I run chess engine tournaments using the Cute Chess GUI.
Structure
- Tournament
- Regular
- 12 Engines per Division
- Type = Round Robin
- Rounds = 100
- Games Per Encounter = 2
- Play Each Opening = 2 Times
- Swap Sides = Checked
- 2,200 Games per Engine = 13,200 Games per Tournament
- Cross-Division
- 6 Engines
- 3 from Upper Division
- 3 from Lower Division
- Type = Round Robin
- Rounds = 100
- Games Per Encounter = 2
- Play Each Opening = 2 Times
- Swap Sides = Checked
- 1,000 Games per Engine = 3,000 Games per Tournament
- Regular
- Time Control
- Moves = Whole Game
- Bullet = 2 min/game + 1 sec/move
- Blitz = 5 min/game + 3 sec/move
- Rapid = 14 min/game + 7 sec/move
- Opening Suite
- PGN / EPD = Arasan.pgn
- Depth = 99 Plies
- Order = Random
- Opening Book = None
- Draw Adjudication (Move Number) = Off
- Resign Adjudication (Move Number) = Off
- Thinking on Opponent’s Time = Unchecked
Multithreading
I configure all engines to run using a single CPU core. My Chess PC has 64 cores (128 logical processors with hyper-threading). I configure Cute Chess to use 60 cores via Tools > Settings > Tournaments > Maximum Number of Concurrent Games. This leaves 4 cores for the operating system and other applications.
Quality Control
Ideally, shortly after a tournament begins, I search its PGN file for the following phrases to find games that terminated prematurely due to buggy engines.
- abandon
- stall
- disconnect
- forfeit
If any engine repeatedly causes such terminations, I remove the engine from my PC (to prevent accidentally including it in future tournaments), download a replacement engine of similar strength, and restart the tournament. If I don’t notice premature terminations until the tournament has progressed significantly, I’ll wait for the tournament to complete, remove the buggy engine’s games (using Hiarcs Chess Explorer Pro), then run a gauntlet tournament for a replacement engine matched against the same opponents of the buggy engine.

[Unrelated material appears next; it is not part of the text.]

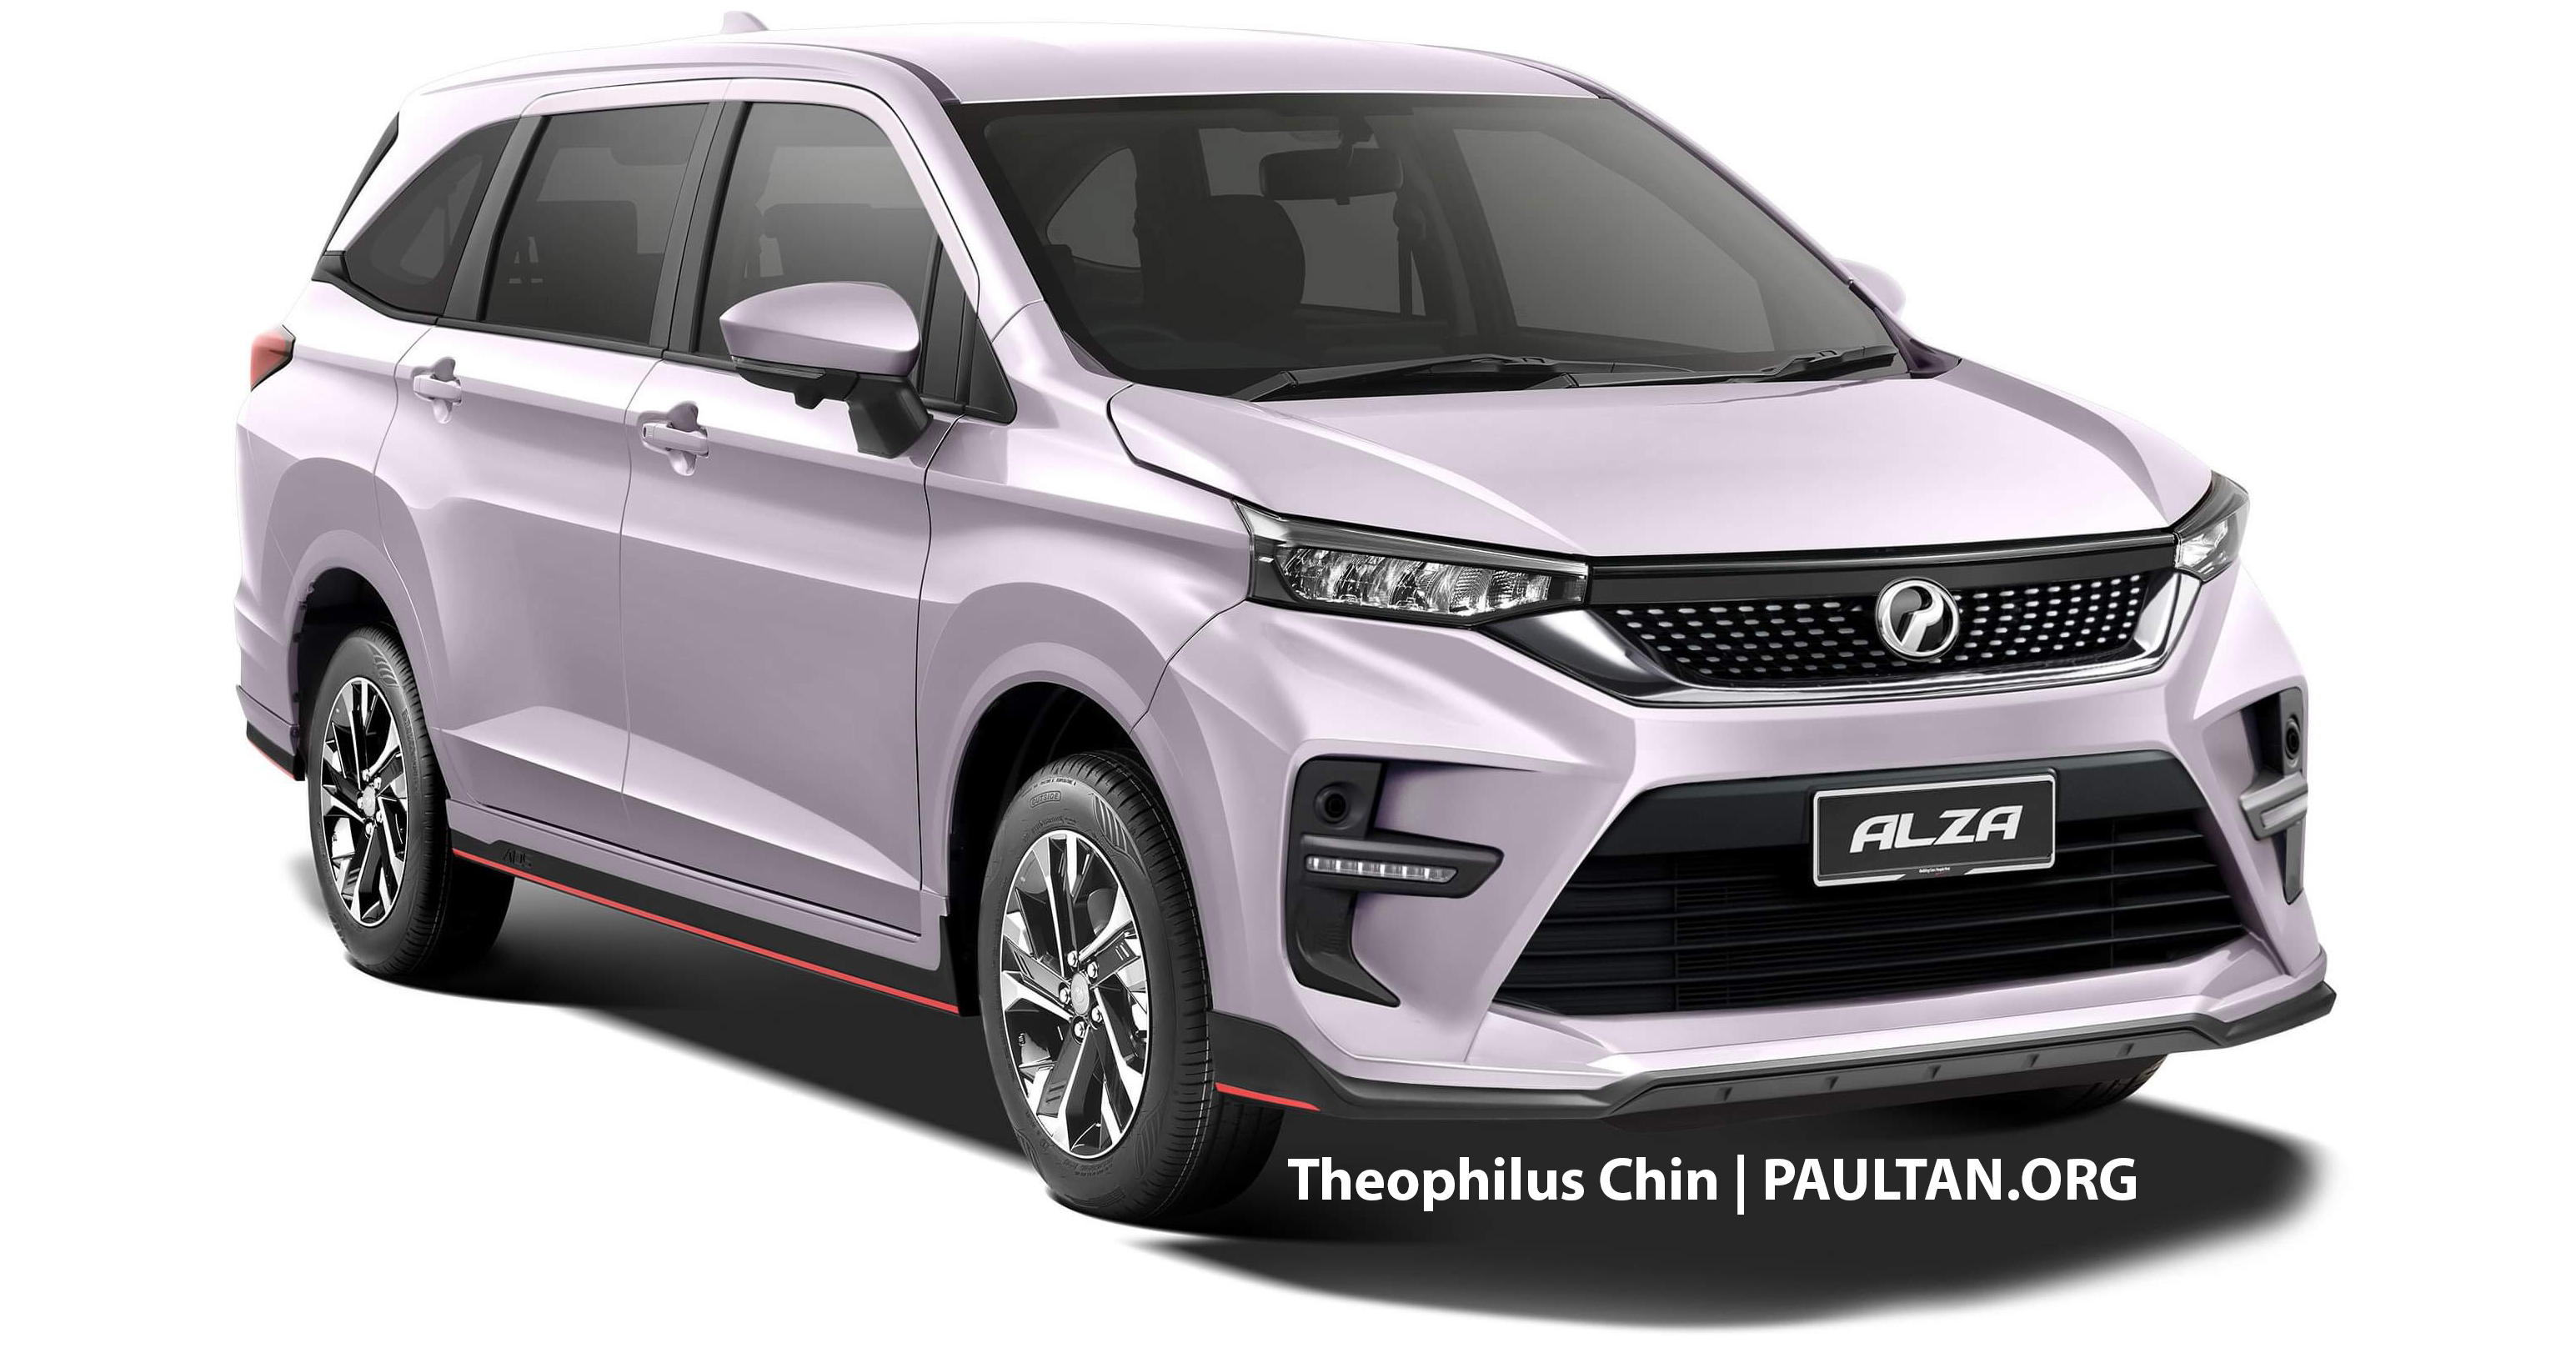 2022 Perodua Alza D27a Open For Booking 3 Variants Launching In June Estimated Price From Rm69k Paultan Org

This eliminates invalid games that artificially raise the rating of other engines by crediting them a cheap win. I am willing to tolerate a few prematurely terminated games per engine. However, any engine with a failure rate higher than one half of one percent reduces the reliability of my rating lists, so I replace the buggy engine with a reliable engine of similar playing strength.